Она эту ночь почти не спала, пила успокоительное, все ждала, когда запиликает телефон, и ей сообщат, что Миша нашелся. Крепилась, утешала себя, что ее просто не хотят беспокоить в поздний час, дают отдохнуть, но вот утром обязательно позвонят.
— Но и огорчить тоже не могу, — продолжал милиционер. — Ведь мы могли найти его, хм… Понимаете меня?
— Нет, — сказала она.
— Ну, в больнице или в морге, или даже мертвым на улице, но ведь не нашли, — тут офицер хохотнул, показывая, что это штука, но от его смеха Анну Юрьевну покоробило. — Скажите лучше, во сколько у вас поезд? Вы ведь сегодня уезжаете?
— Да, в шестнадцать сорок пять с Курского.
Ну да, пять часов в поезде, затем в автобус, чтобы к ночи вернуться в родное Заволжье.
Но как вернуться туда без Миши? Как посмотреть в глаза его родителям?
— Хорошо, понял вас… — милиционер сделал паузу, должно быть, записал время отправления. — Если будут новости, я обязательно сообщу вам, не сомневайтесь. Ситуация находится под контролем…

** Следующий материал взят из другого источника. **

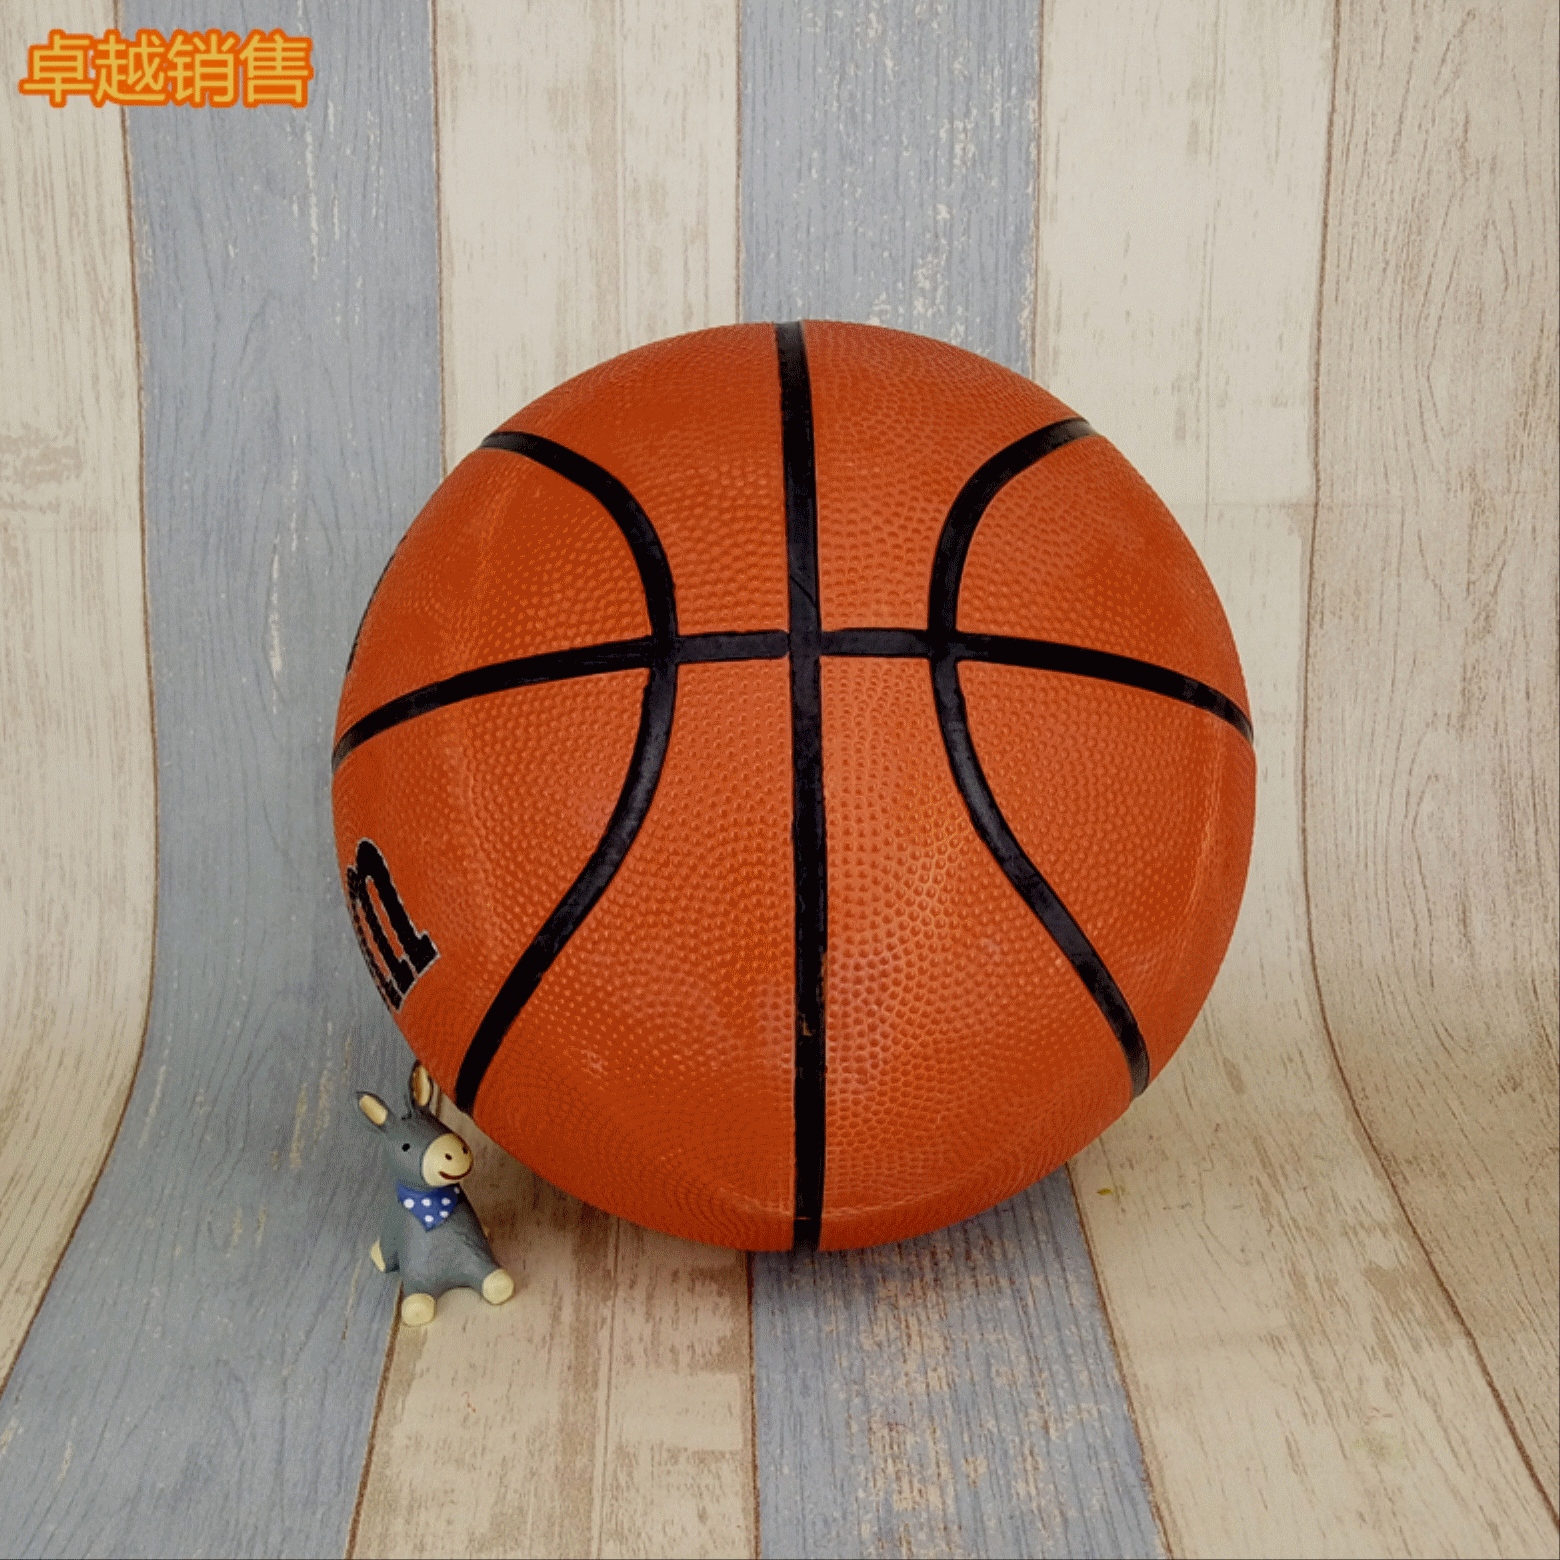 Ballon de basket 1995151

Это все были дежурные фразы, гладкие и бессмысленные, как пластиковые фрукты.
— Да, — сказала Анна Юрьевна и нажала «Отбой».

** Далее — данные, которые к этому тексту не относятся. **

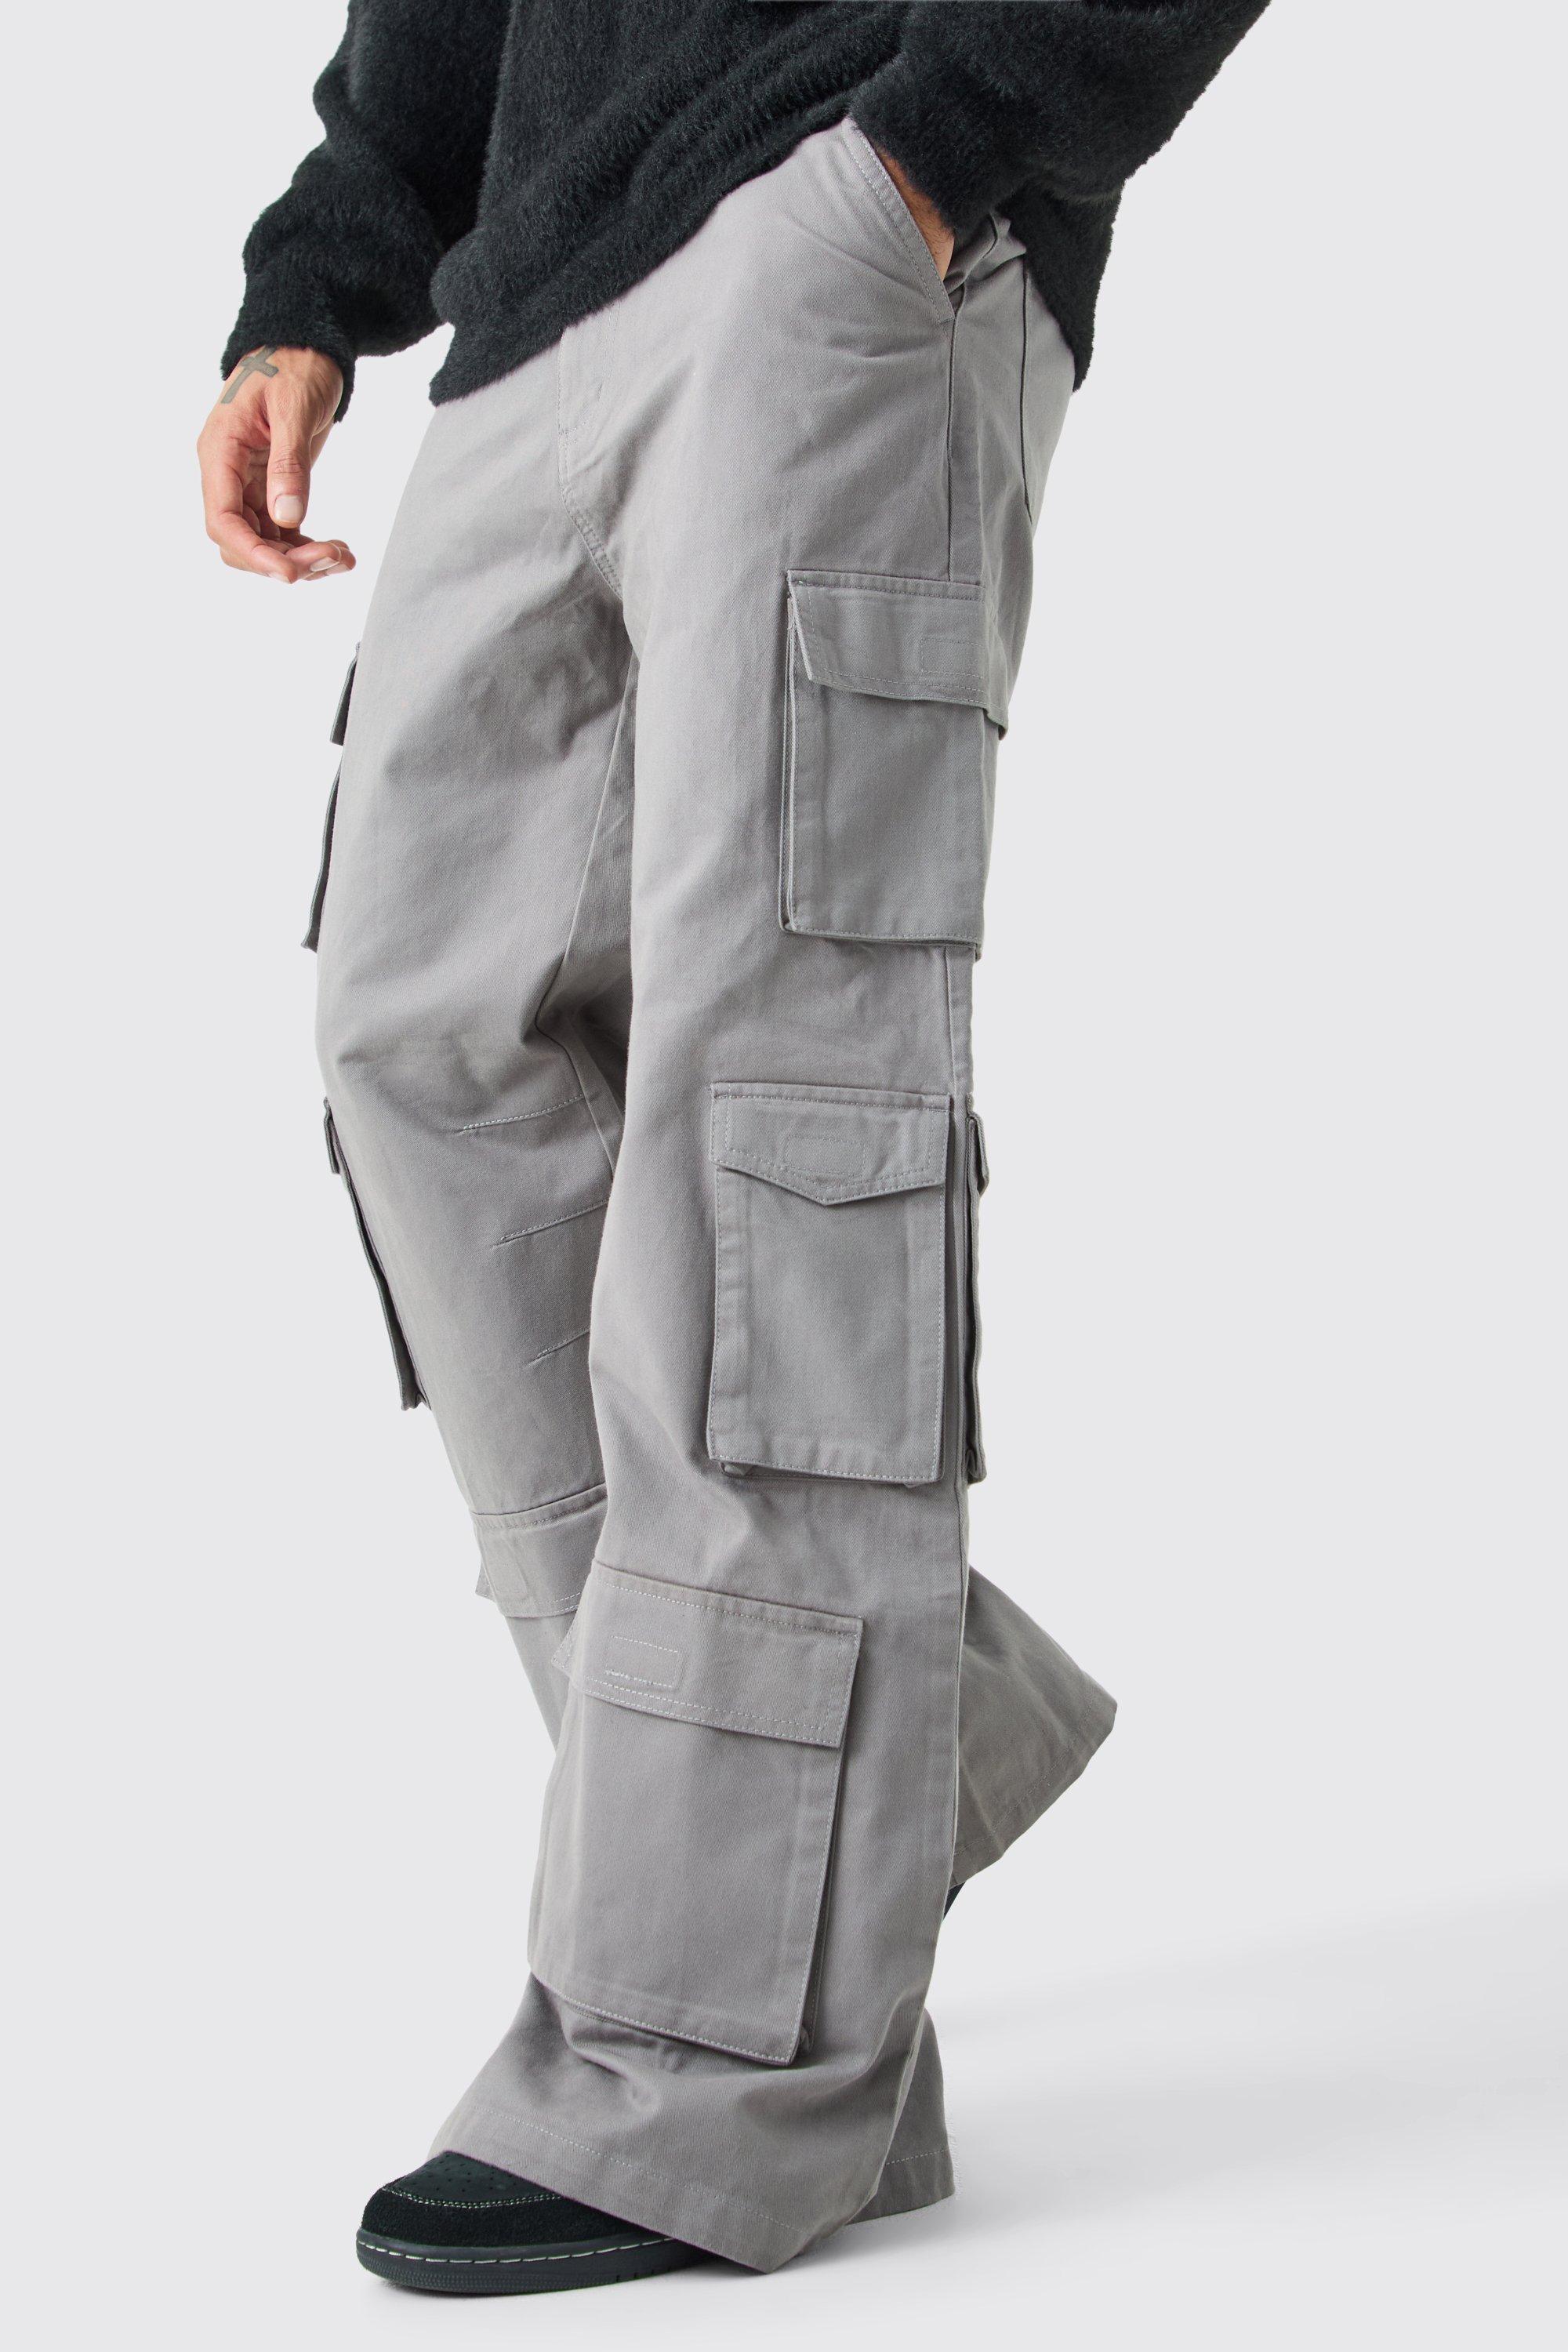 Image of Pantaloni super comodi in denim rigido con tasche Cargo multiple, Grigio

— Ну что? — спросила Елена Владимировна.
— Ничего, ничего пока…
Дети стоят рядом, видят лицо классного руководителя, и значит нельзя показывать, как она расстроена.
— Пойдемте в зал, спектакль скоро начнется, — проговорила Анна Юрьевна, натягивая на лицо улыбку.

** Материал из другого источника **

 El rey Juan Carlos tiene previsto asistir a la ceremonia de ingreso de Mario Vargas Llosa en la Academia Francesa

— А что Миша? — неожиданно подала голос Света Лапырева. — Он найдется?
Ну да, и еще на десяти лицах написан тот же вопрос, в глазах тревога и непонимание — обычные школьники, из благополучных, в общем, семей, неожиданно столкнувшиеся с такой стороной жизни, о которой они раньше не имели представления.
— Обязательно, — в это слово Анна Юрьевна вложила максимум той веры, что у нее еще оставалась. — А сейчас нам нужно идти, вот-вот дадут третий звонок, а мы еще места не нашли!
И пожилая барышня, что охраняет ведущую в зал дверь, косится на их группу неодобрительно.
Проходя мимо нее, Анна Юрьевна заискивающе улыбнулась, в ответ получила суровый взгляд и напоминание о том, что нужно отключить сотовые. К местам своим пробрались очень вовремя, едва расселись, как погас свет, оркестр затих, и занавес с шорохом начал подниматься.
Но что странно, в этот момент ей показалось, что Мишка рядом, что он смотрит на нее!
Анна Юрьевна даже поглядела по сторонам, но тут же отругала себя за глупость.
С недосыпа и от стресса мерещится невесть что…
* * *Антона выдернули из сна самым бесцеремонным образом — потрясли за плечо.
— Чо за дела вообще? — забормотал он, пытаясь натянуть на голову одеяло и не понимая, отчего его нет.
— Вставай, сладкий мой, — пропели прямо в ухо противным гнусавым голосом. — Пора.
Антон дернулся, открыл глаза.
Он лежал на кожаном диванчике в приемной Босса — тут он ночью и заснул, когда выяснилось, что беглый пацан исчез неведомо куда, и даже хваленая парочка оказалась не в силах взять его след. Сверху нависала ухмыляющаяся физиономия рыжеволосого Охотника, у дверей стоял бледный, такой спокойный, уверенный и свежий, будто не было суматохи последних суток.
— Шевели копытами! — прикрикнул рыжий, и провел рукой по шевелюре, где — сейчас Антон точно видел — ползали какие-то букашки, может быть, вши или тли, а может вылезшие из мозга тараканы.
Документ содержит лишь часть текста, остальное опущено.